Machine Learning for Hackers, Chapter 1, Part 4: Data aggregation and reshaping.

Introduction

In the last part I made some simple summaries of the cleaned UFO data: basic descriptive statistics and historgrams. At the very end, I did some simple data aggregation by summing up the sightings by date, and plotted the resulting time series. In this part, I’ll go further with the aggregation, totalling sightings by state and month.

This takeaway from this part is that Pandas dataframes have some powerful methods for aggregating and manipulating data. I’ll show groupby, reindex, hierarchical indices, and stack and unstack in action.

The shape of data: the long and the wide of it

The first step in aggregating and reshaping data is to figure out the final form you want the data to be in. This form is basically defined by content and shape.

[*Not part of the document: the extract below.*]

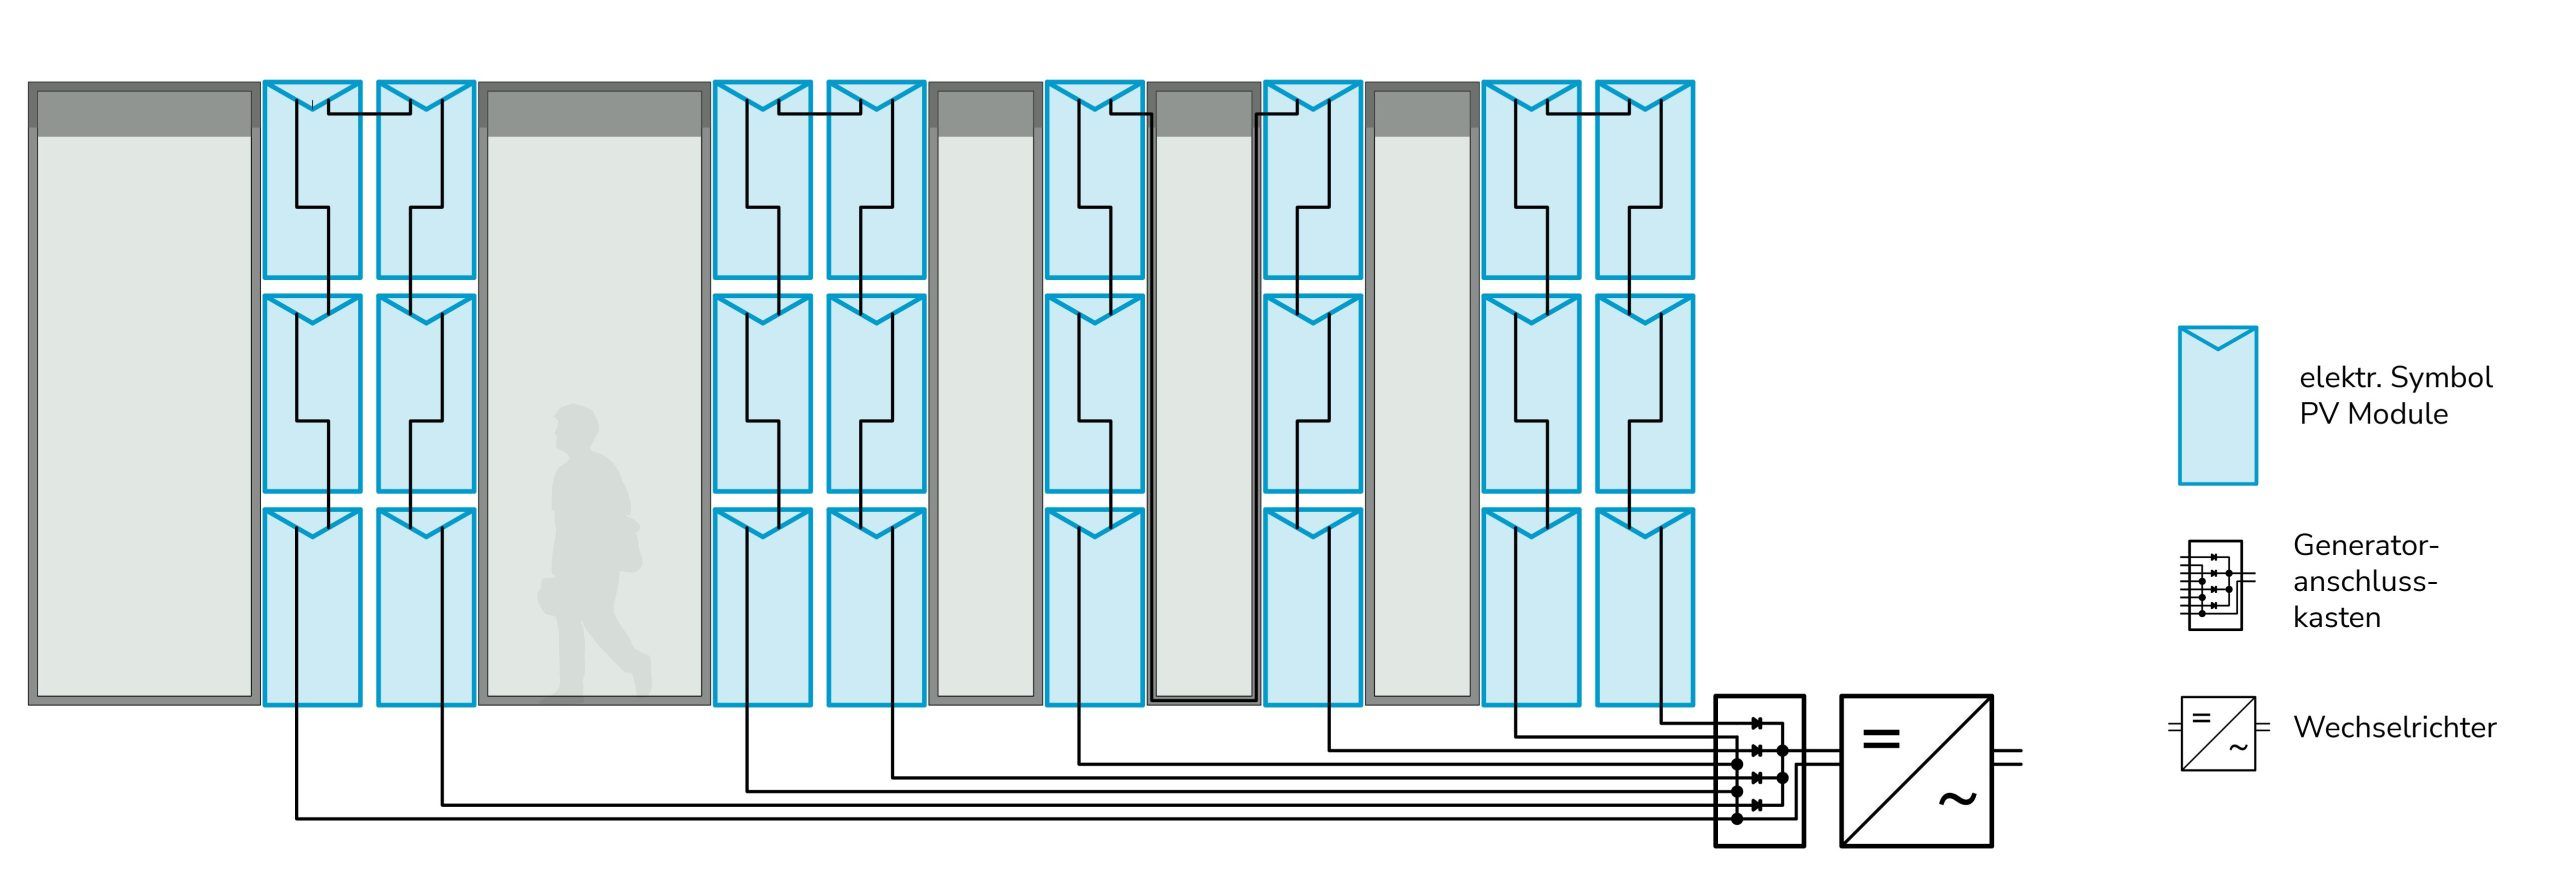 Die Abbildung zeigt schematisch die Verschaltung von PV-Modulen zu Strängen und deren Zusammenfassung in einem Generatoranschluss-kasten.

We know what we want the content to be: an entry in the data should give the number of sightings in a state/month combination.

We have two choices for the shape: wide or long. The wide version of this data would have months as the rows and states as the columns; it would be a 248 by 51 table with the number of sigthings as entries. This is a really natural way to shape the data if we were presenting a table for example.

One of things I’ve picked up from my years of using R, though, is a preference for long data. This is because R’s factors and formulas with easy conditioning make it easier to work with long data. The most common example is using lattice plots. To generate a lattice plot of y over x with panels defined by a level of the variable f, you just call xyplot(y ~ x | f). For this to work though, the data must be long, with f a column of factors, and the x column will likely be some values repeated for each level of f. This seems kind of redundant and unwieldy when you’re used to tables and spreadsheets, but it becomes more natural when you starting working with tools like lattice or ggplot, using more panel data, or doing more split-apply-combine or map-reduce types of procedures.

Because Pandas dataframes are so organized around indices, and because Pandas allows for hierarchical indexing, we’ll find that it will be a good strategy to shape data in a way that provides for informative indices. This will give us access to a host of powerful methods to manipulate the dataframe. In this case, as we’ll see, by making the data long, we’ll be able to push most of the information into the dataframe’s index.

The long version of our UFO data would have rows defined by a state/month pair, and a column recording the number of sightings for that pair. In R–as the authors do in the book–you’ll have a dataframe with three columns. The first two are the factor variables USState and YearMonth. (I’m not actually sure these are technically factor variables in the authors’ implementation, but they are conceptually). The third is the sightings count.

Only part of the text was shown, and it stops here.